He lost himself in the rhythm of his punches. He liked it when he was alone in here. He was still on leave—not by his own choice—but he could at least use the gym, part of his physical therapy. Maybe he was doing it a little harder than he was supposed to, but he didn’t have time for a slow recovery.
So he came in, once a day, for the gym, and because he could usually sneak a few minutes at his computer, check on things, ask around about what progress the FBI was making.
None whatsoever.
Pretty much the same as he. His home visit a week ago with Ashley Price had netted more questions than answers.
He’d spent the intervening days with identifying everybody on the paintings he’d taken from her. Other than himself, he couldn’t find a single link to Blackwell.
Punch, right, left. Forearms, right, left. Elbows, right, left. Knees, right, left. He exhaled sharply on each blow. He was focused on the bag, but not as deeply as he would have liked to be.
What did he know about her for sure?
She painted the dead.
People who died violently, to be more specific.
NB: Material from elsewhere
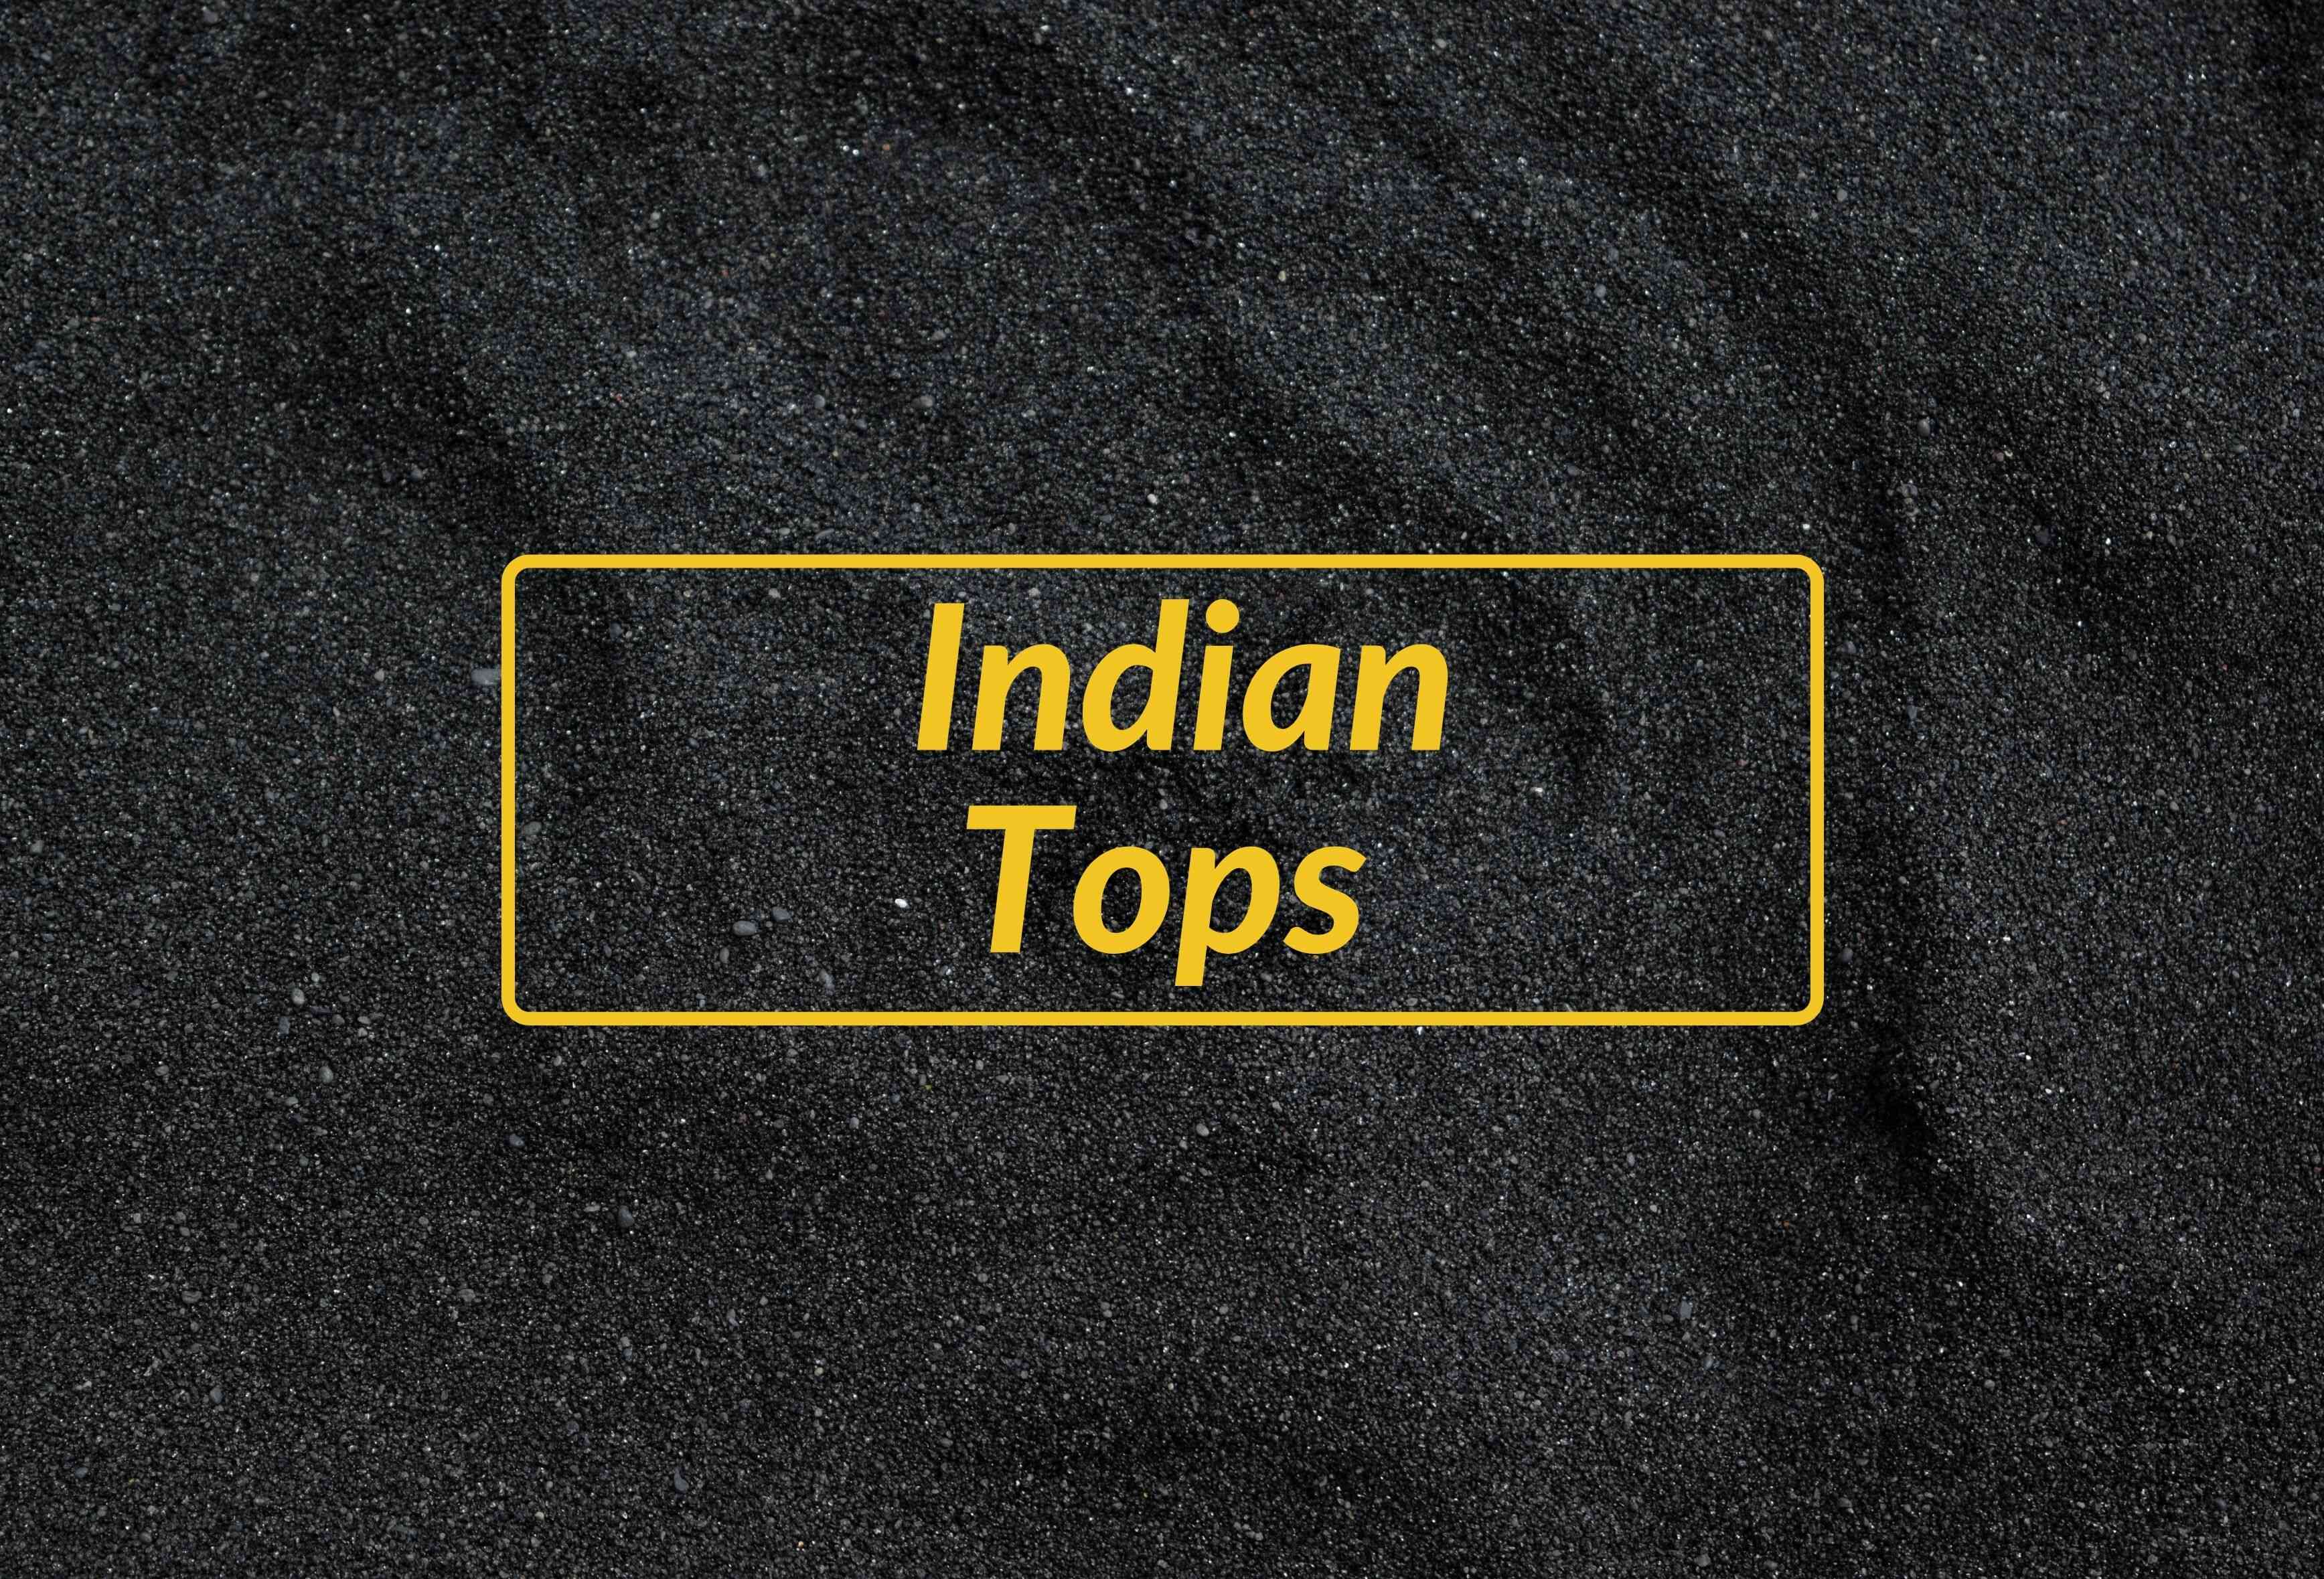 Indian Tops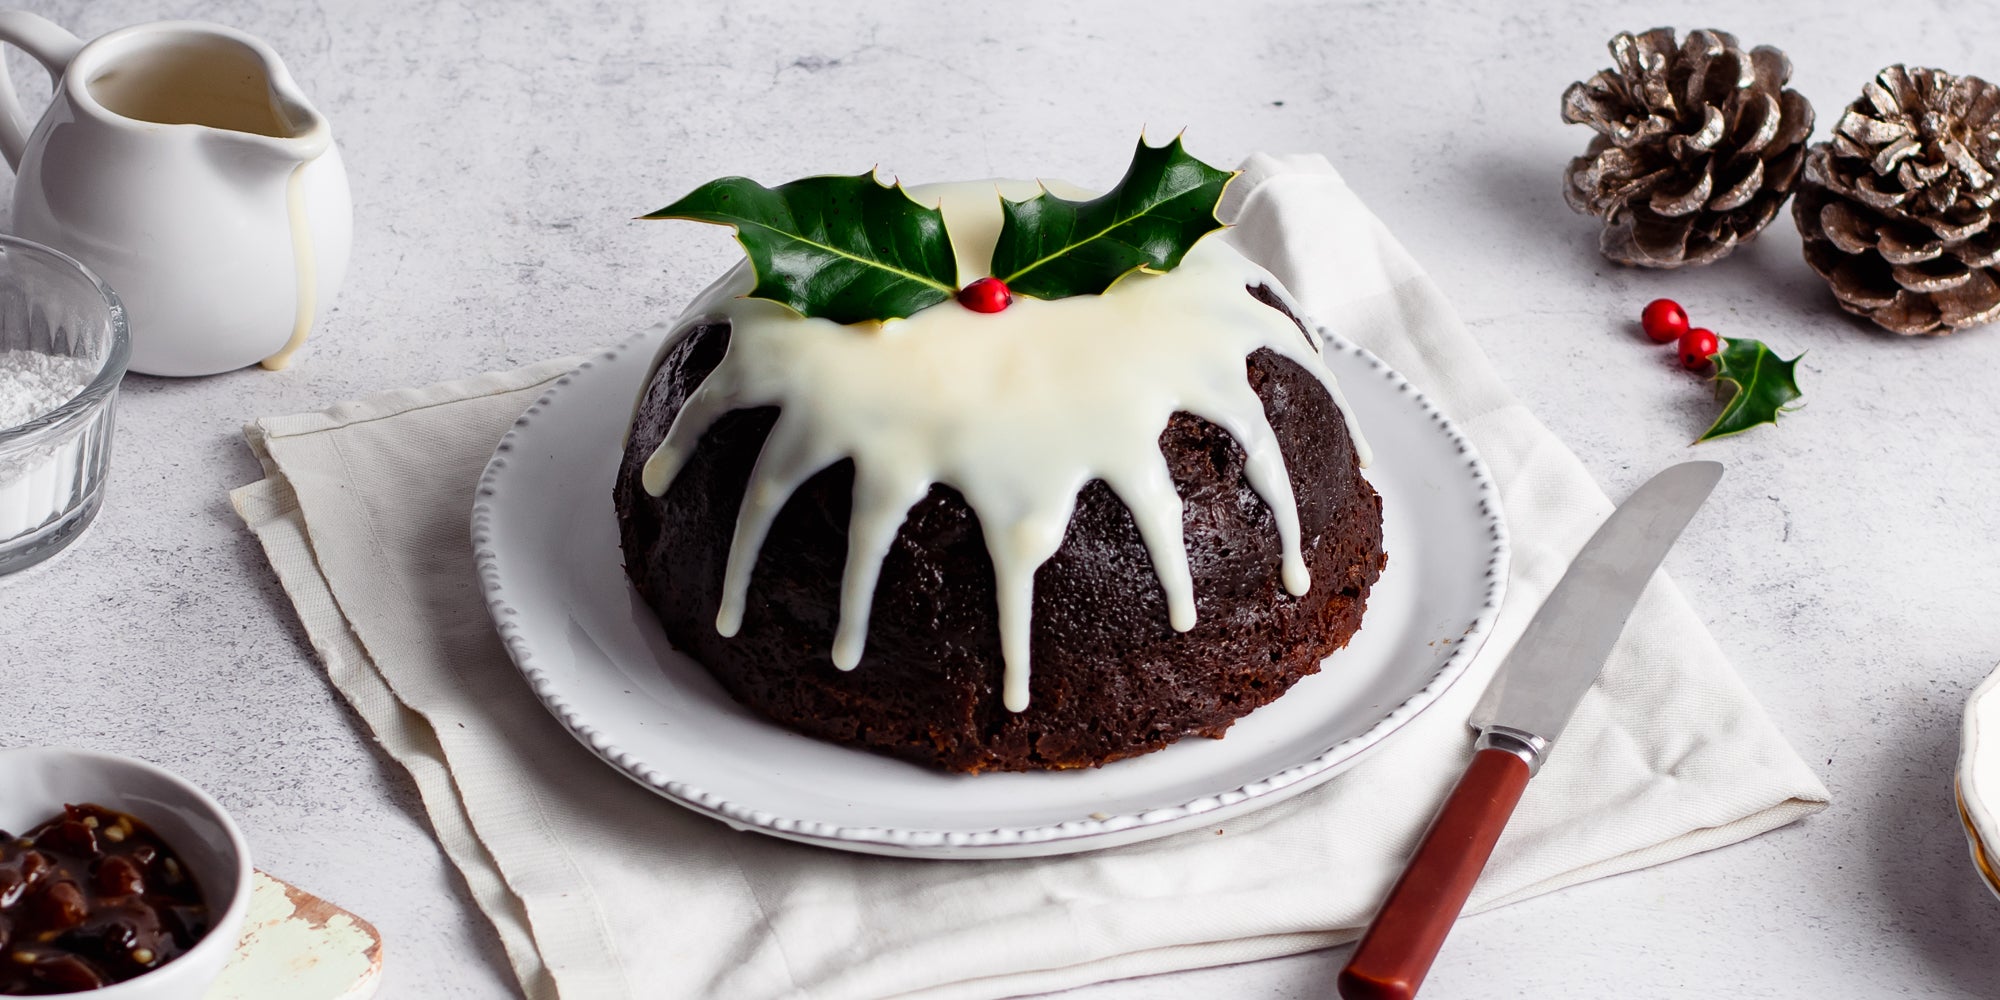 Last Minute Christmas Pudding covered in a generous pouring of cream or brandy butter, dripping down the sides next to a knife and a holly leaf

Ashley Price, an untimely death, and geographical proximity were all the victims in her paintings had in common. Somebody coming in fresh and looking at those facts would have theorized that she was one of the rare female serial killers.
Except, he’d met her, and she wasn’t a killer. She was a mess. And she hadn’t been the one who’d put him into the grave.
But she was the one who’d dug him up.
He’d be damned if he knew what that meant.
He was almost puzzled enough to seriously consider her psychic tale. Almost.
Punch, right, left. Forearms, right, left. Elbows, right, left. Knees, right, left.
Maybe the FBI could make more sense of her. The four agents who’d arrived had taken over the single conference room at the police station and one of the offices. Bing wouldn’t let Jack near them. But even if he had, Jack wouldn’t have handed over the paintings. Ashley was his lead. He wanted to be the one who found Blackwell, dammit.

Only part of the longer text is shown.